Courtesy of Sworders

Essex, UK

Sworders, 13 November

MODERN BRITISH AND 20TH-CENTURY ART

After the Second World War, an influx of Australian artists arrived in the UK. Among them was the painter Tony Underhill (1923-77). A friend of the painter Brett Whiteley (1939–1992), from the 1950s to 1970s Underhill achieved commercial success in London for his abstract and figurative paintings. After his sudden death, his second wife closed his studio, with his works and equipment preserved as he had left them. All requests for access to the studio were refused, including from representatives sent by then Tate director Nicholas Serota, and from Jonathan Watkins (later the director of the Serpentine Gallery and currently director of the Ikon Gallery), who sought Underhill’s work for the Australian Art in Europe exhibition in the late 1980s. Forty years later, Underhill’s children have opened it up again and Sworders will sell 15 paintings from the studio, including the oil on canvas Landscape (date unknown), estimated at £300 to £500.

Courtesy of Freeman's

Philadelphia

Freeman’s, 15 November

AMERICAN FURNITURE, FOLK AND DECORATIVE ARTS

A macabre subsection of this sale is devoted to the memento mori and mourning jewellery collection of the late historians Anita and Irvin G. Schorsch. The couple assembled more than 150 pieces that illustrate how the act of grieving changed over 200 years in England and the US, ranging from the skulls and skeletons on 17th-century lockets—which often contained the hair of the deceased— to idealised Neo-Classical depictions of heaven from the late 18th century. Alongside are 19th-century mourning costumes for adults and children, and presidential mourning ribbons and accessories from the couple’s now-closed Museum of Mourning Art in Philadelphia. Pictured is a late 17th-century Stuart crystal mourning slide (worn on a ribbon on the wrist) containing hair work, which was bought from S.J. Phillips in London and is estimated at $800 to $1,200.

Courtesy of Artcurial

Paris

Artcurial, 27 November

CAMILLE CLAUDEL: A TREASURED LEGACY

Camille Claudel's (1864-1943) career was cut short by poor mental health—the French sculptor produced only around 80 works between the ages of 17 and 41. After training in Paris, she worked in Rodin’s workshop, becoming his colleague, model and muse.

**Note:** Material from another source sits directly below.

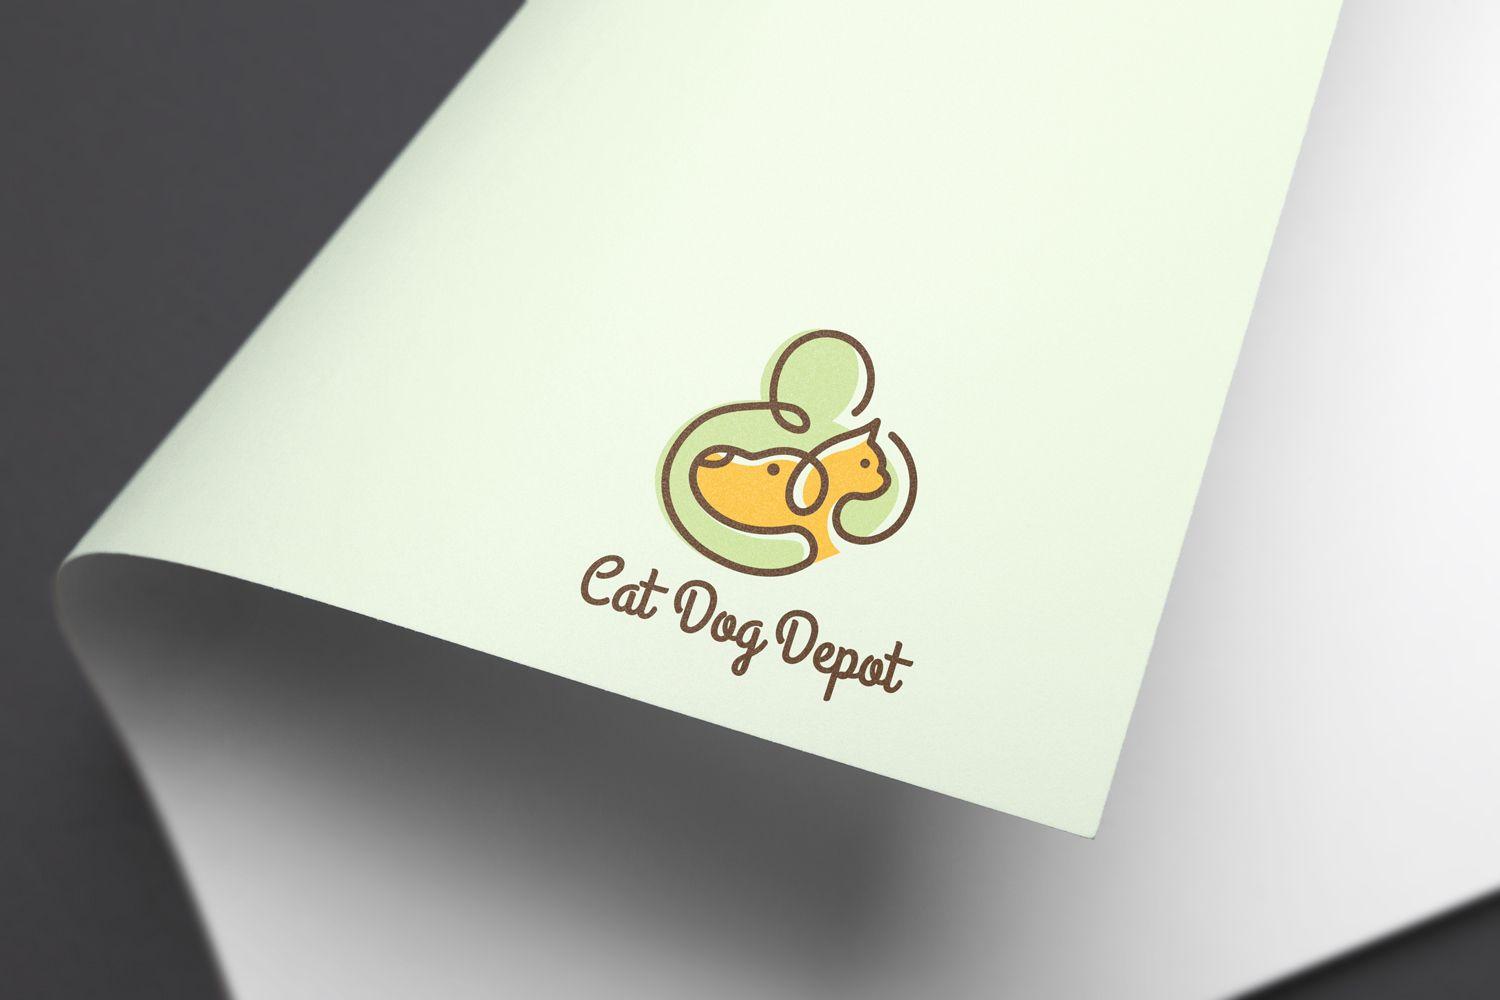 Catdog Logo - Cat Dog Depot. I designed this logo

Rodin refused to leave his companion, Rose Beuret, and Claudel’s emotional stability deteriorated. In 1913, she was interned in a psychiatric hospital, where she died in obscurity. Since Claudel was rediscovered in the 1970s, her star has risen. The 20 bronzes, terracottas, plaster casts and preparatory works on o er at Artcurial come from the Claudel family home in Villeneuve-sur-Fère. Among them are two sensitive terracotta studies of Sakountala (1886), depicting the Hindu heroine reuniting with her lover, each estimated at €50,000-€70,000. They were made in preparation for L’abandon (1886-1905), a bronze cast that is also included in the sale, estimated at €600,000 to €800,000.